Task description: Please return the full listing exactly as written, with the images removed.

Source material:

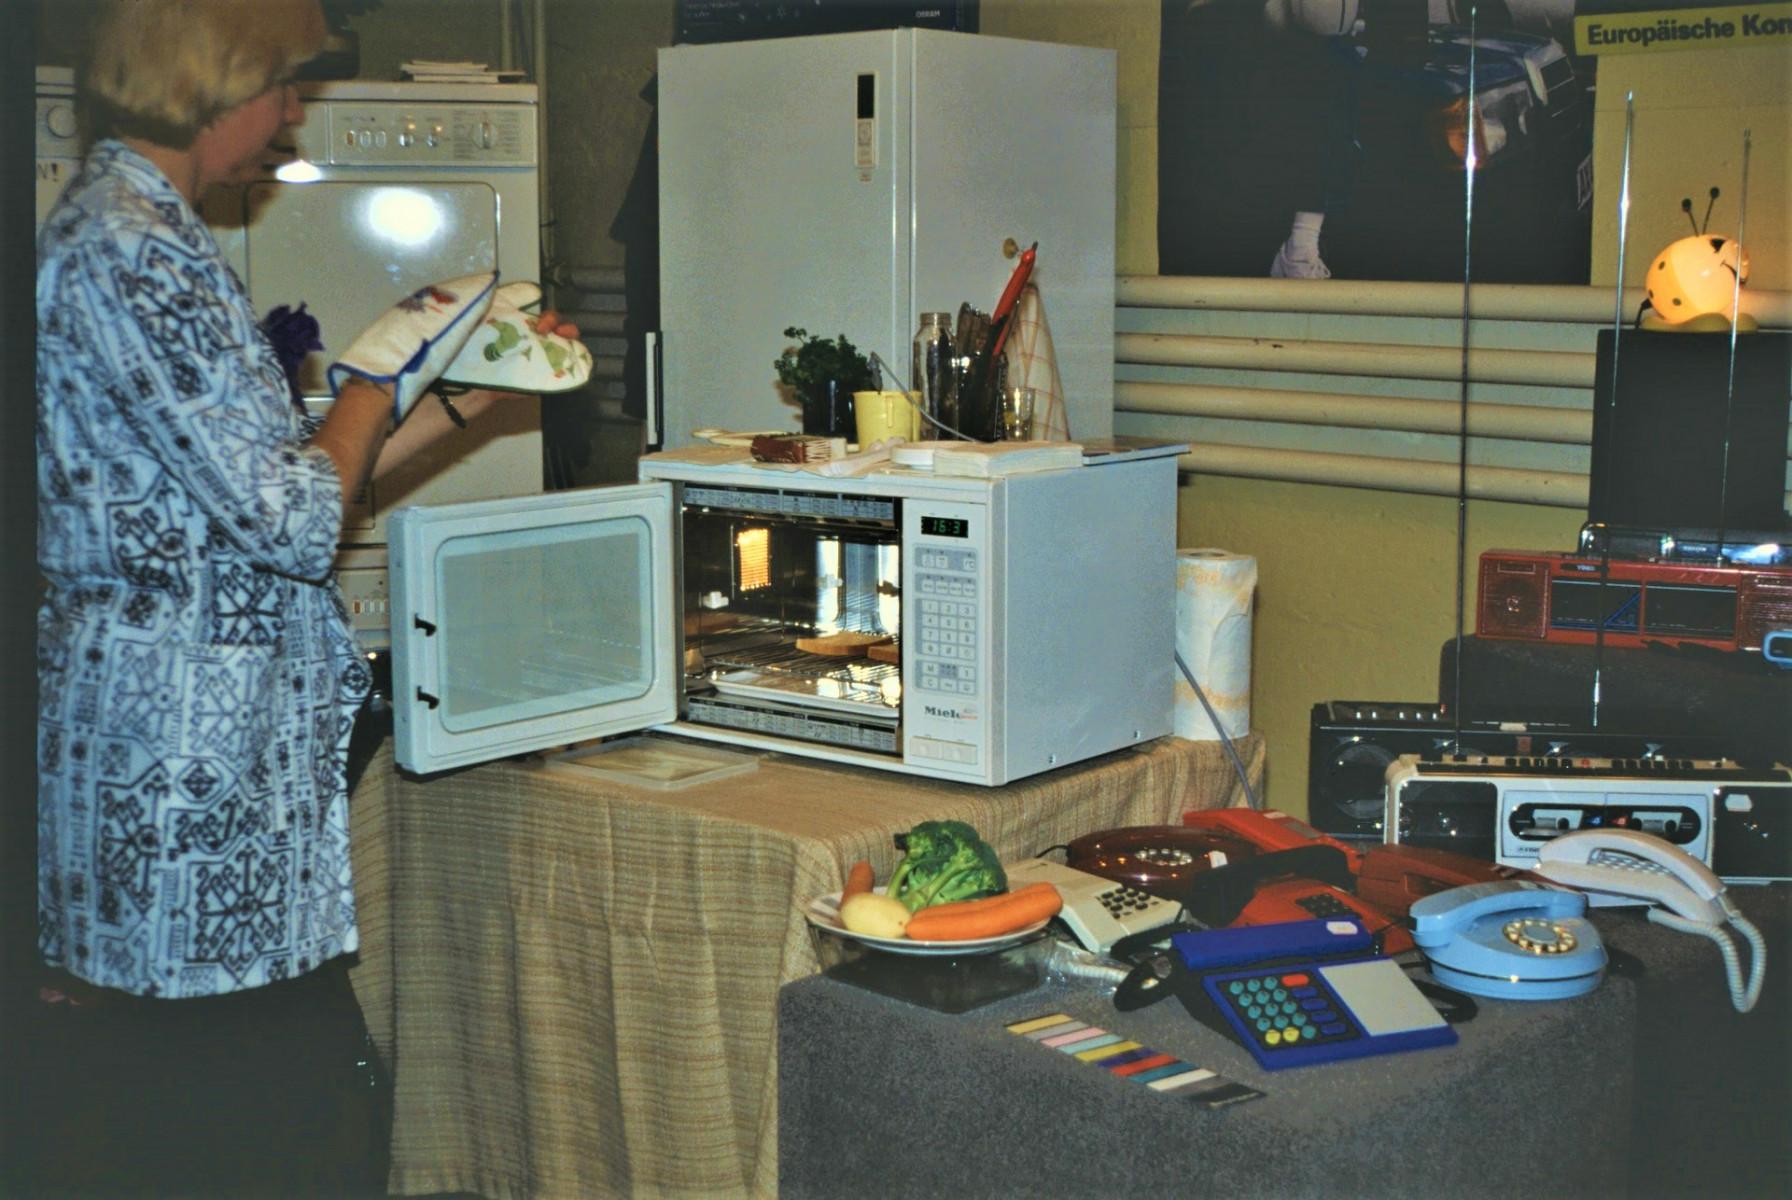 Gewerbeausstellung Elektro Brizzi
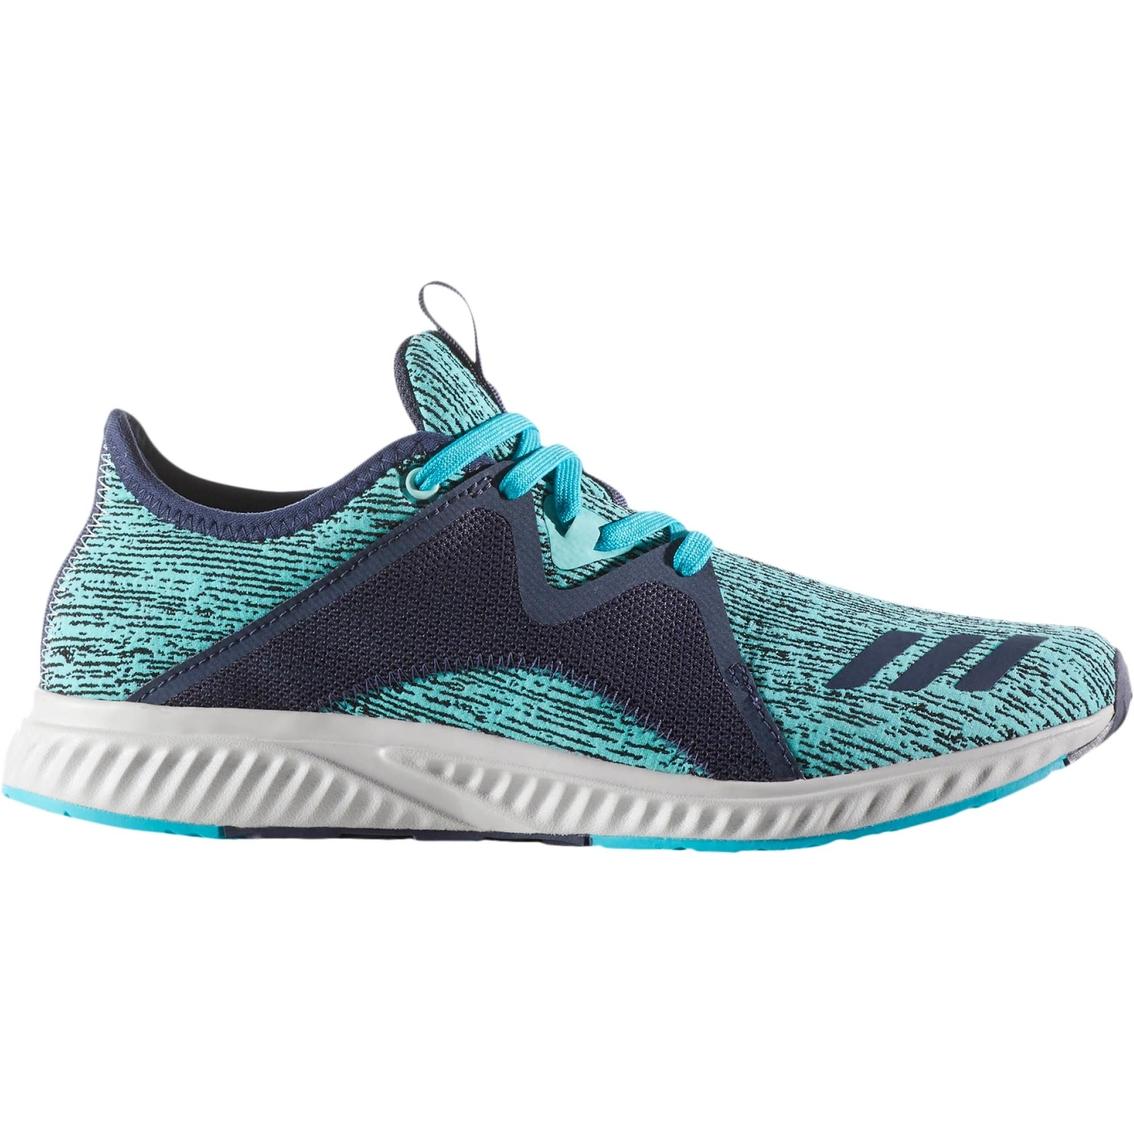 Adidas ShoesBack To School Women's Edge Lux Running dxBoQeWrC
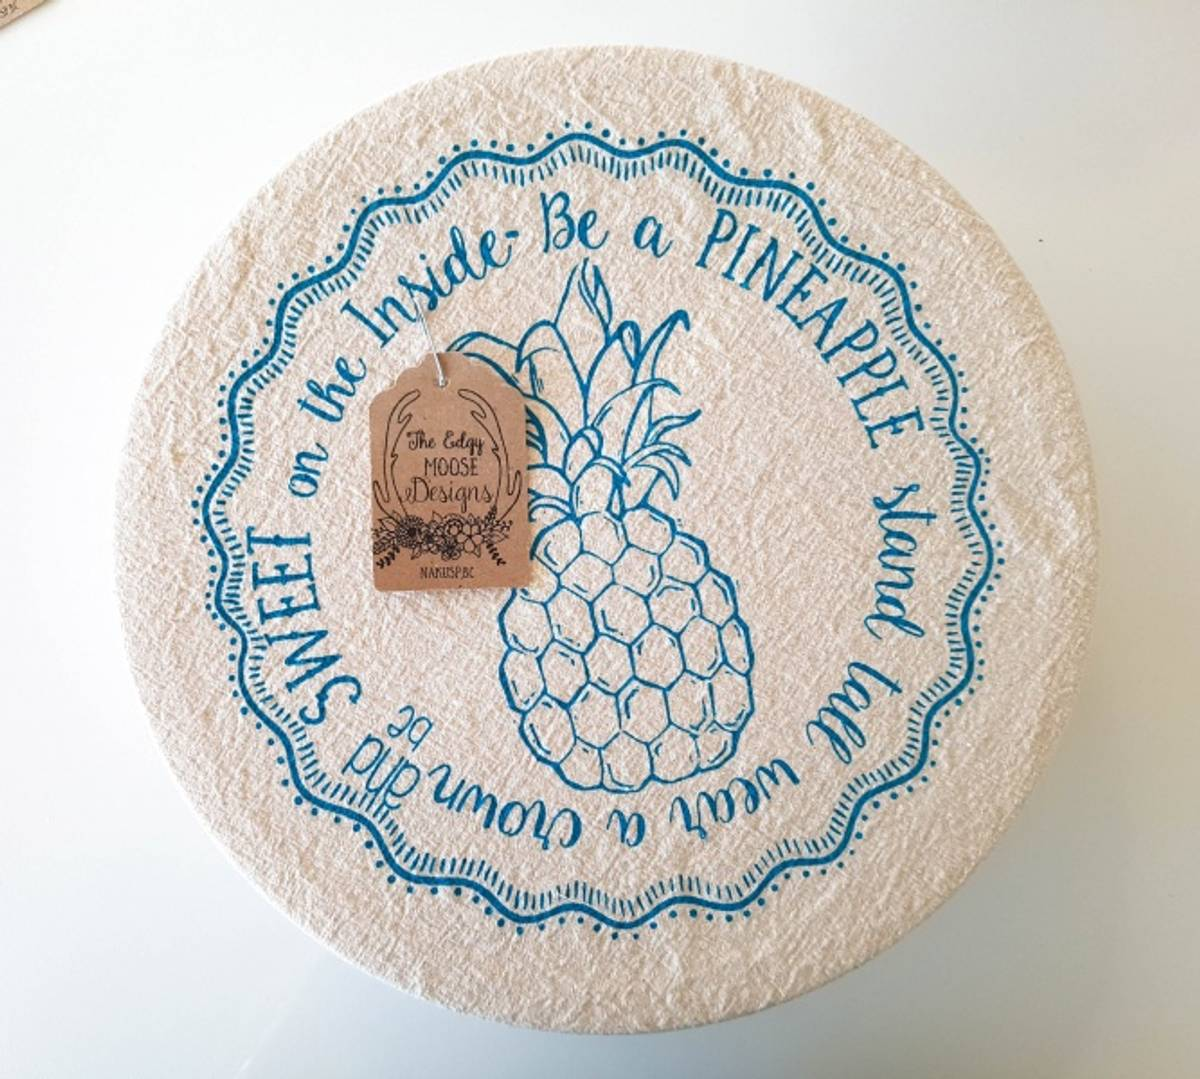 Bolletrekk str. M // Pineapple
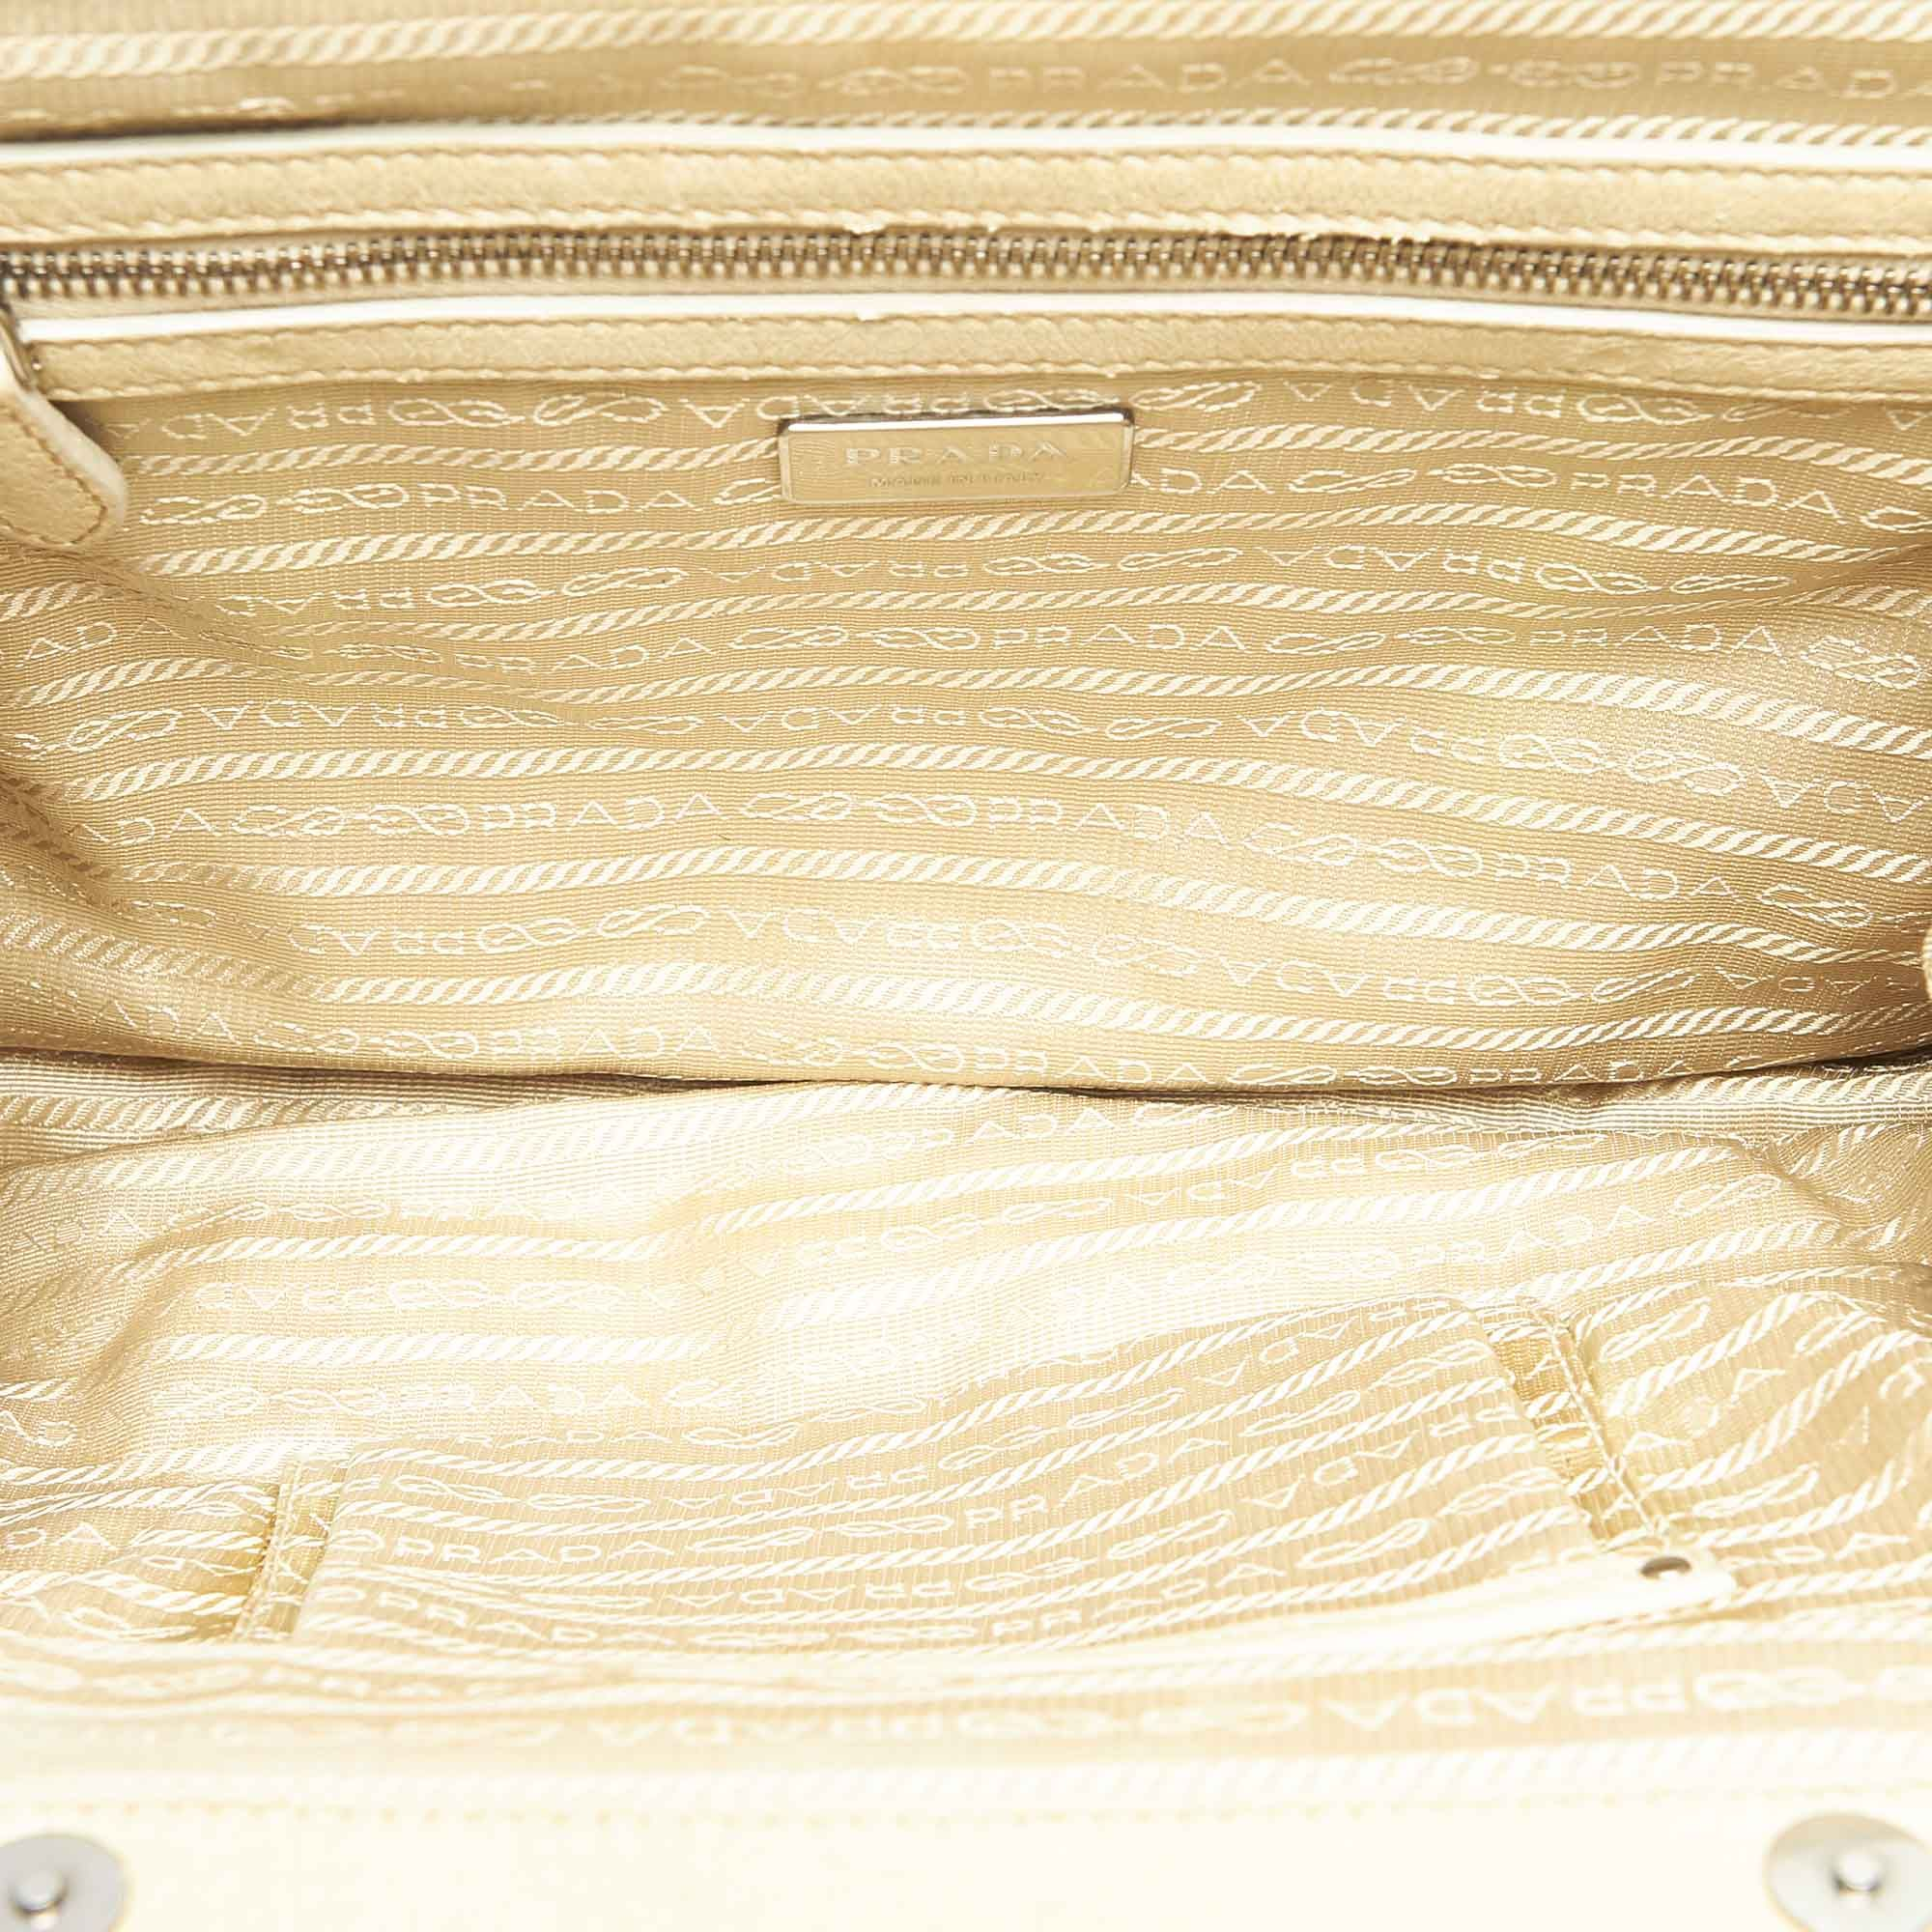 Vintage Prada Tessuto Gaufre Frame Shoulder Bag White

Response area:
 Gewerbeausstellung Elektro Brizzi
 Adidas ShoesBack To School Women's Edge Lux Running dxBoQeWrC
 Bolletrekk str. M // Pineapple
 Vintage Prada Tessuto Gaufre Frame Shoulder Bag White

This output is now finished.